■ What is required
Nothing but the lines from the one containing "Katrin Göring-Eckardt /" through the end of the data should be retyped, exactly as they stand, and pictures should not be retyped.

[Given entries Boundary: Start]

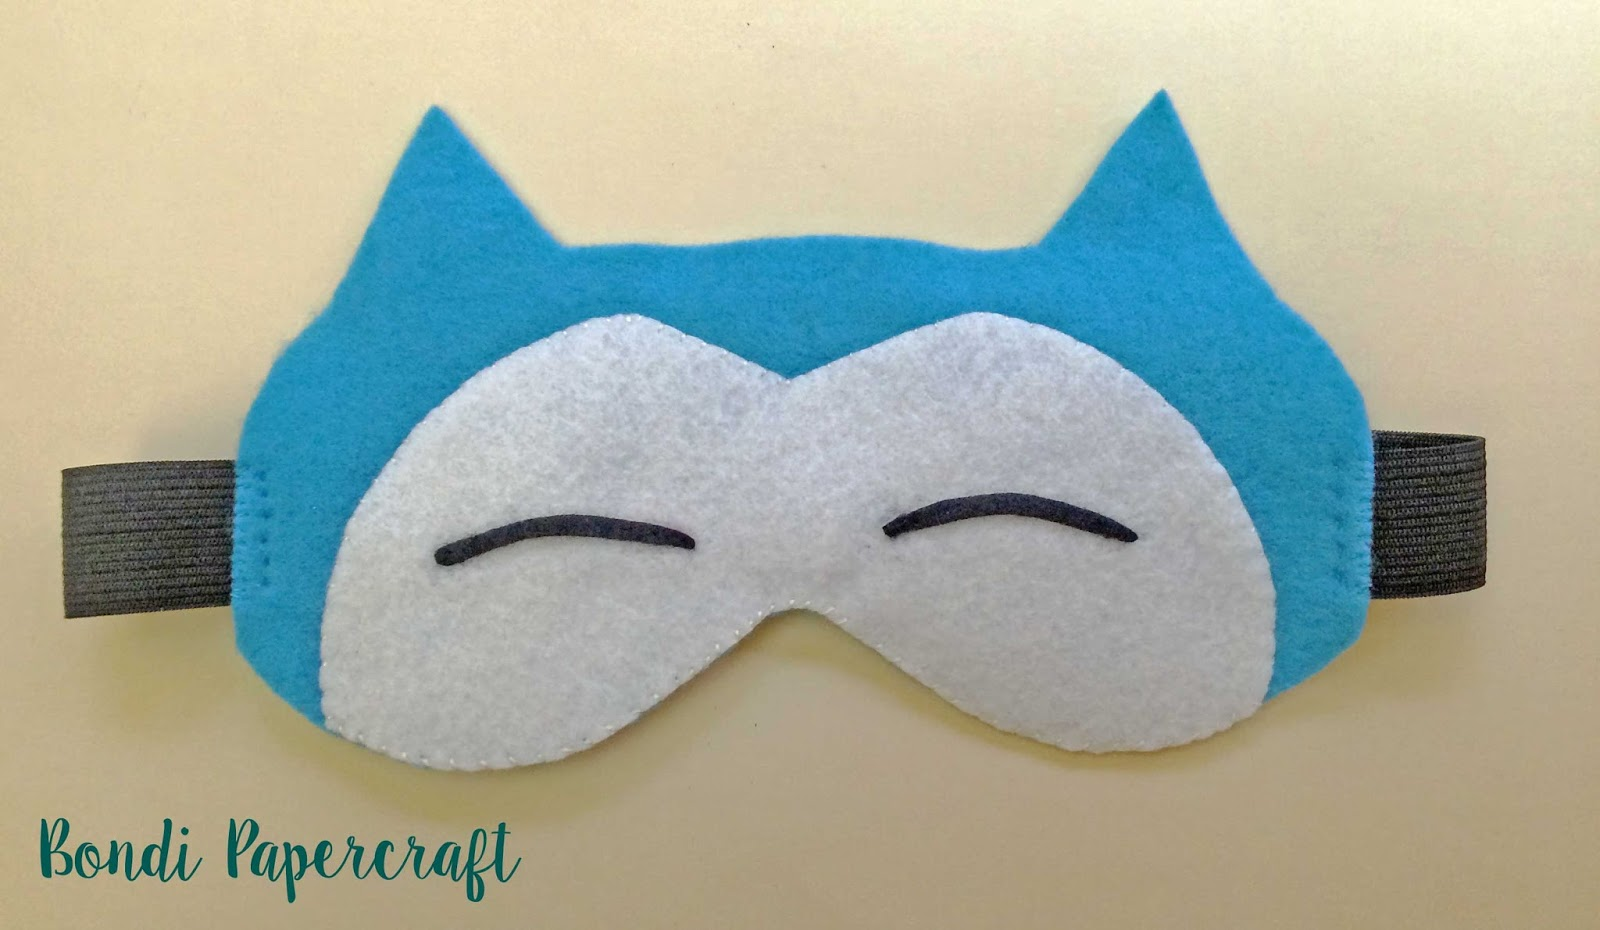 photograph relating to Pokemon Mask Printable titled Bondi Papercraft: Snorlax Eye Mask
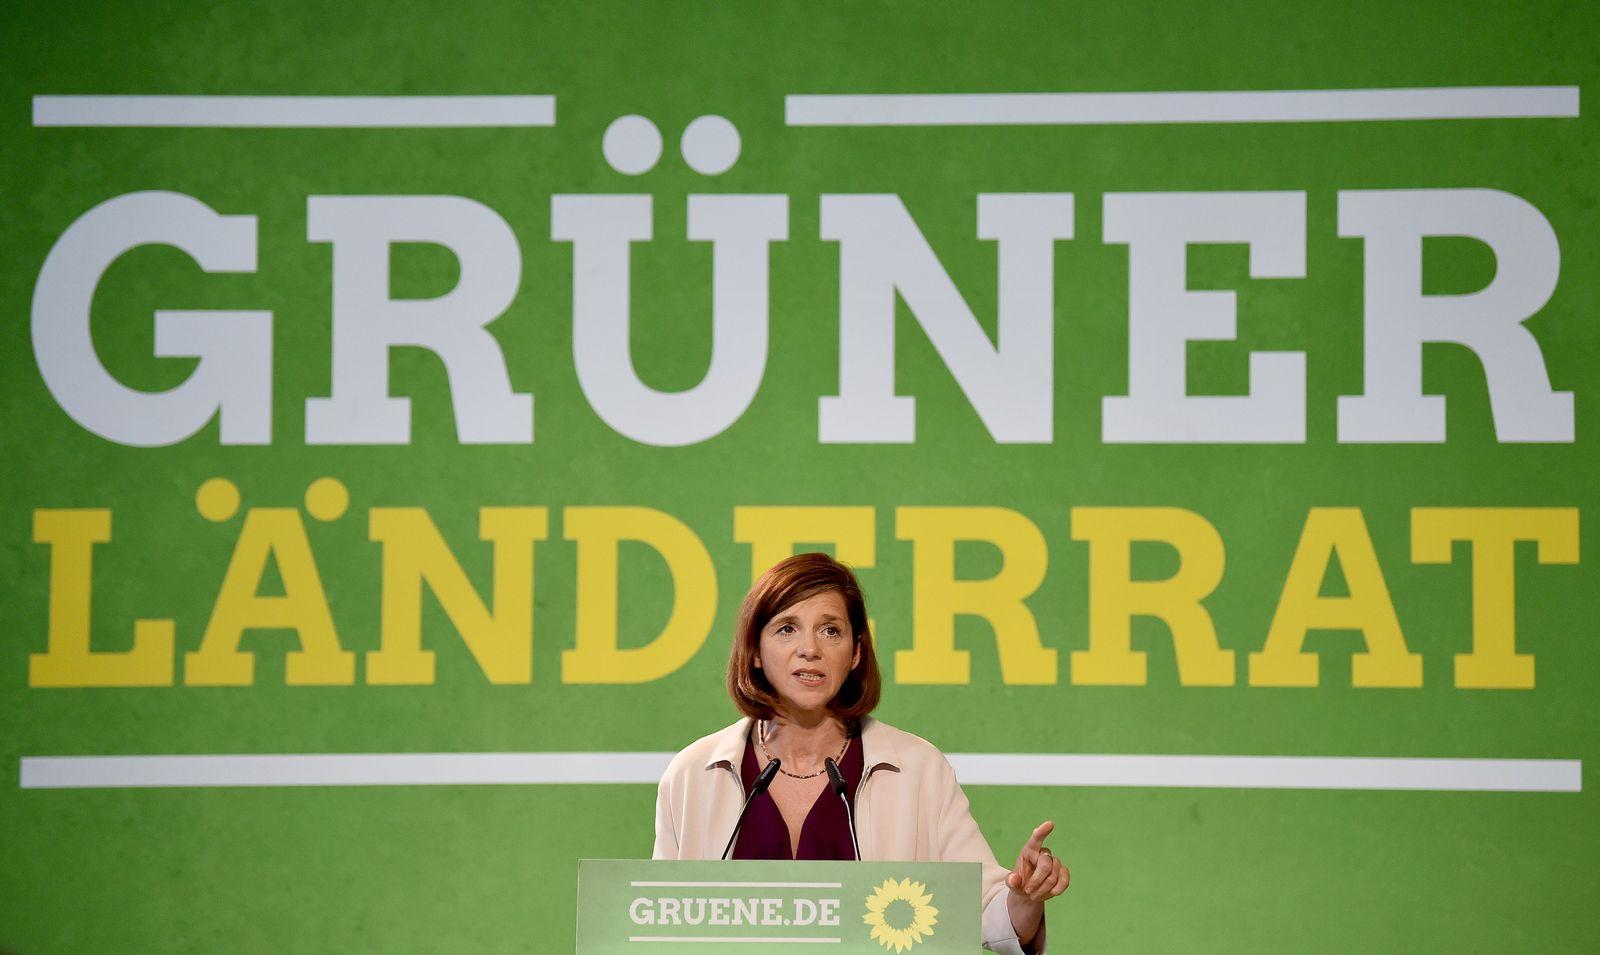 Katrin Göring-Eckardt / Länderrat Bündnis 90/Die Grünen
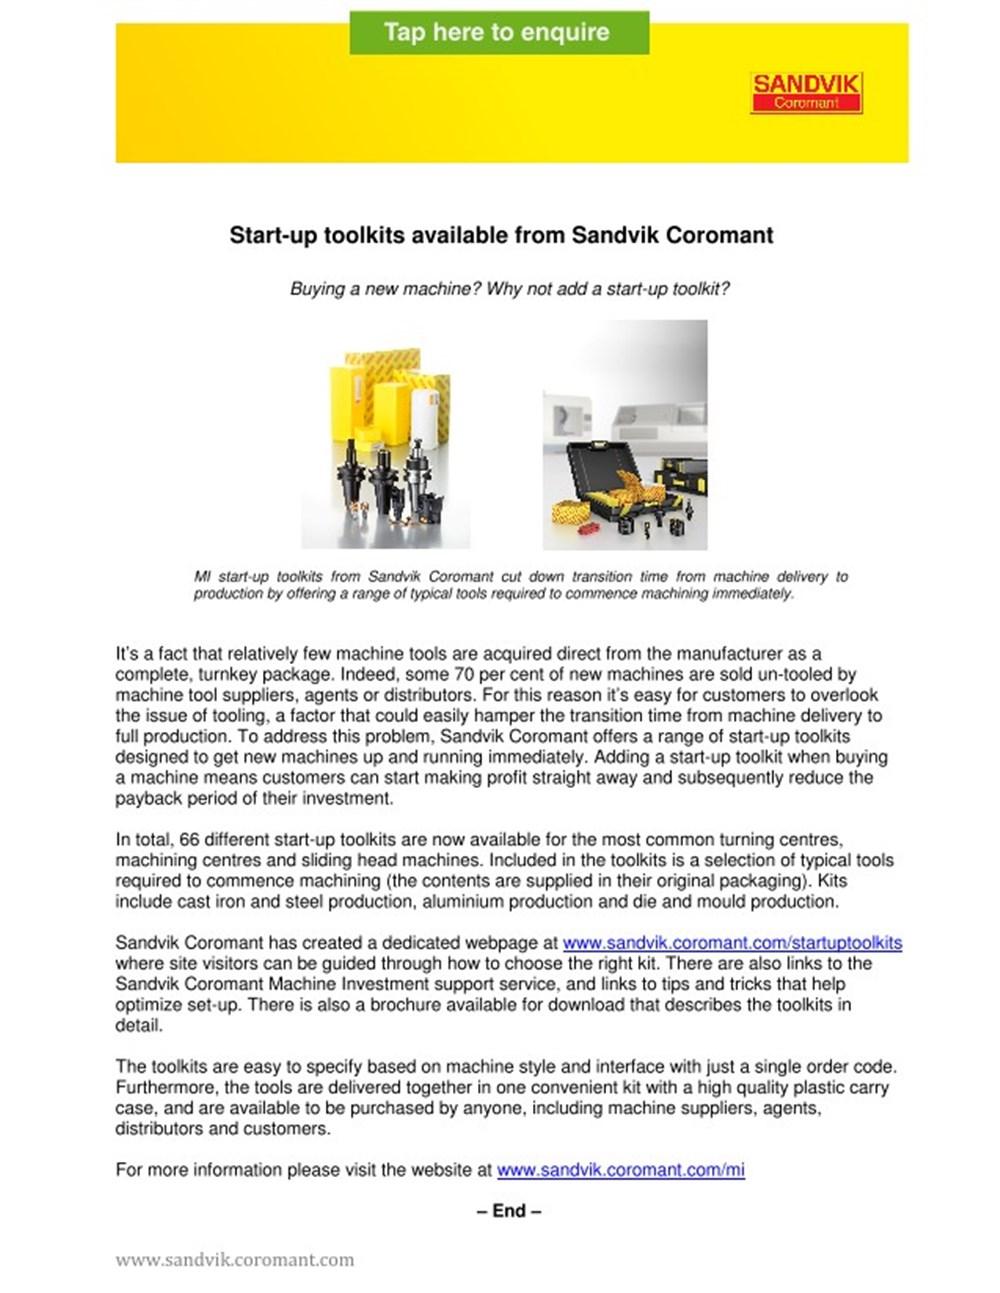 Start-up Toolkits from Sandvik Coromant - Brochure
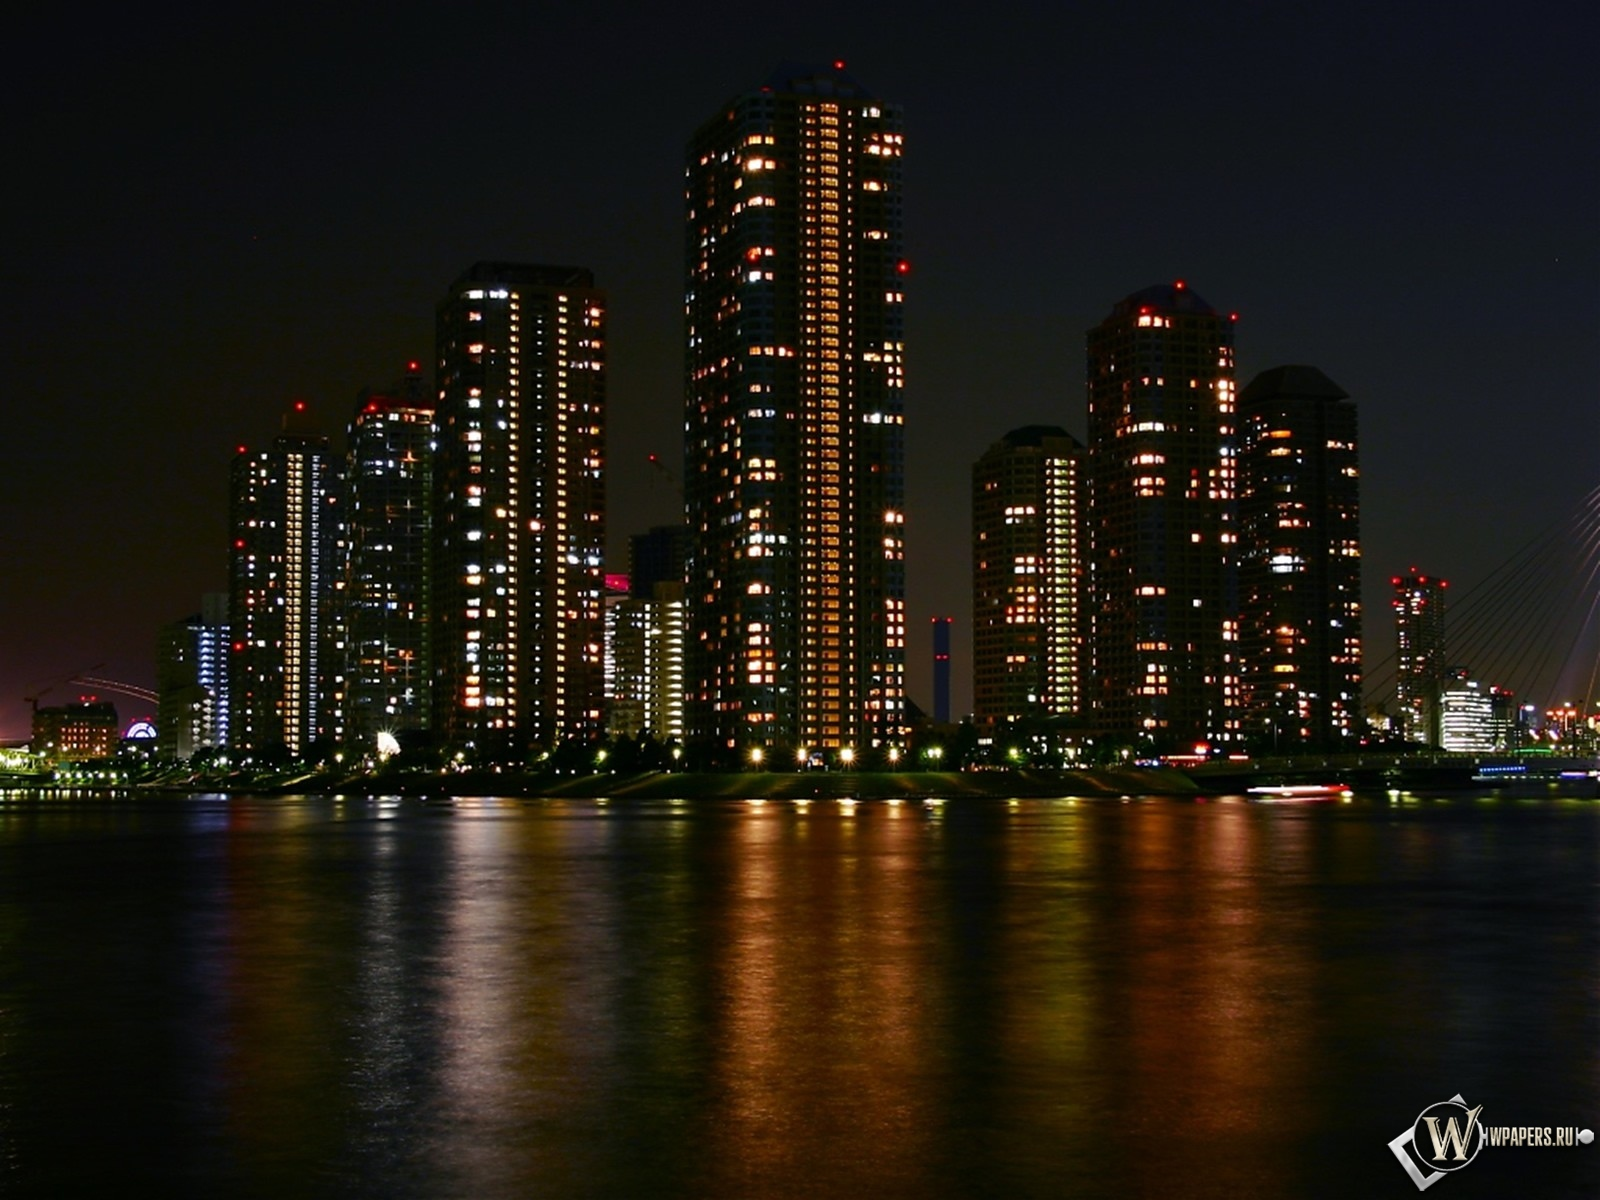 Water City 1600x1200
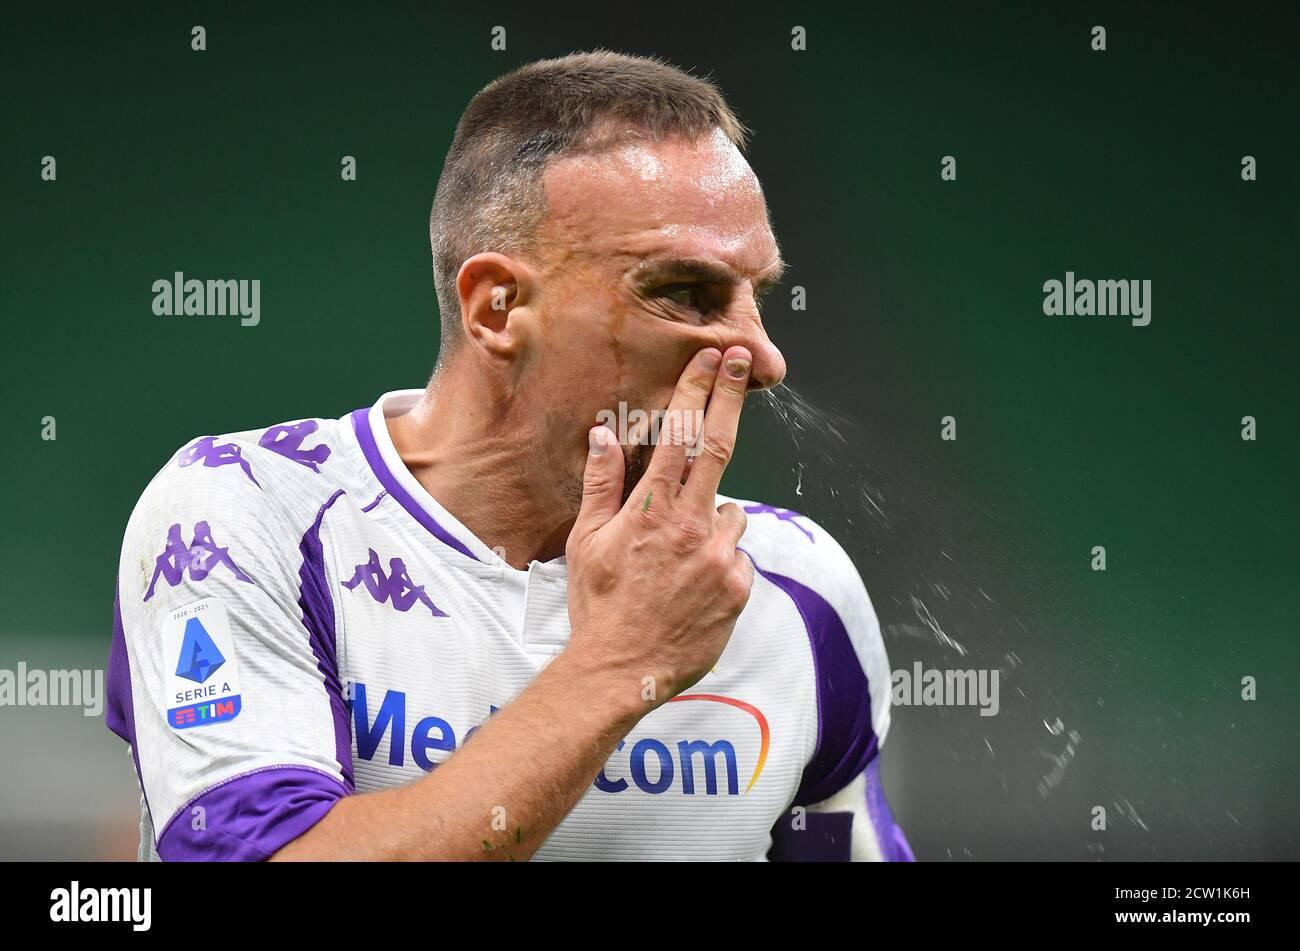 Football football - série A - Inter Milan / Fiorentina - San Siro, Milan, Italie - 26 septembre 2020. Franck Ribery REUTERS/Daniele Mascolo de Fiorentina Banque D'Images
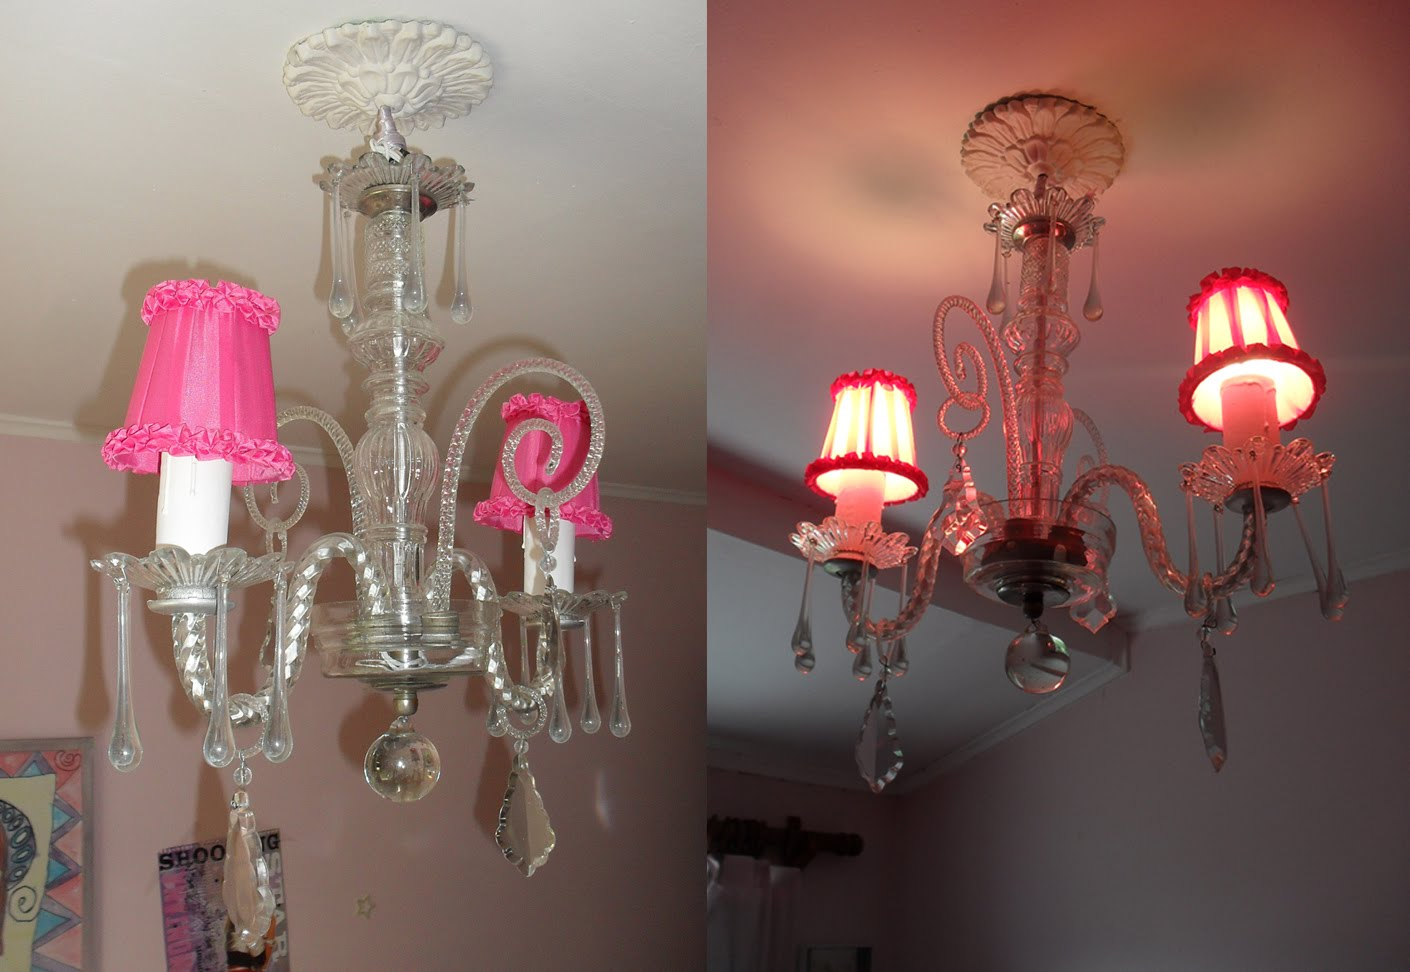 Pantallas para lamparas de techo arquitectura de lamparas - Pantallas de lamparas ...

[Given entries Boundary: End]

■ Answer section
 Katrin Göring-Eckardt / Länderrat Bündnis 90/Die Grünen
 Start-up Toolkits from Sandvik Coromant - Brochure
 Water City 1600x1200
 Football football - série A - Inter Milan / Fiorentina - San Siro, Milan, Italie - 26 septembre 2020. Franck Ribery REUTERS/Daniele Mascolo de Fiorentina Banque D'Images
 Pantallas para lamparas de techo arquitectura de lamparas - Pantallas de lamparas ...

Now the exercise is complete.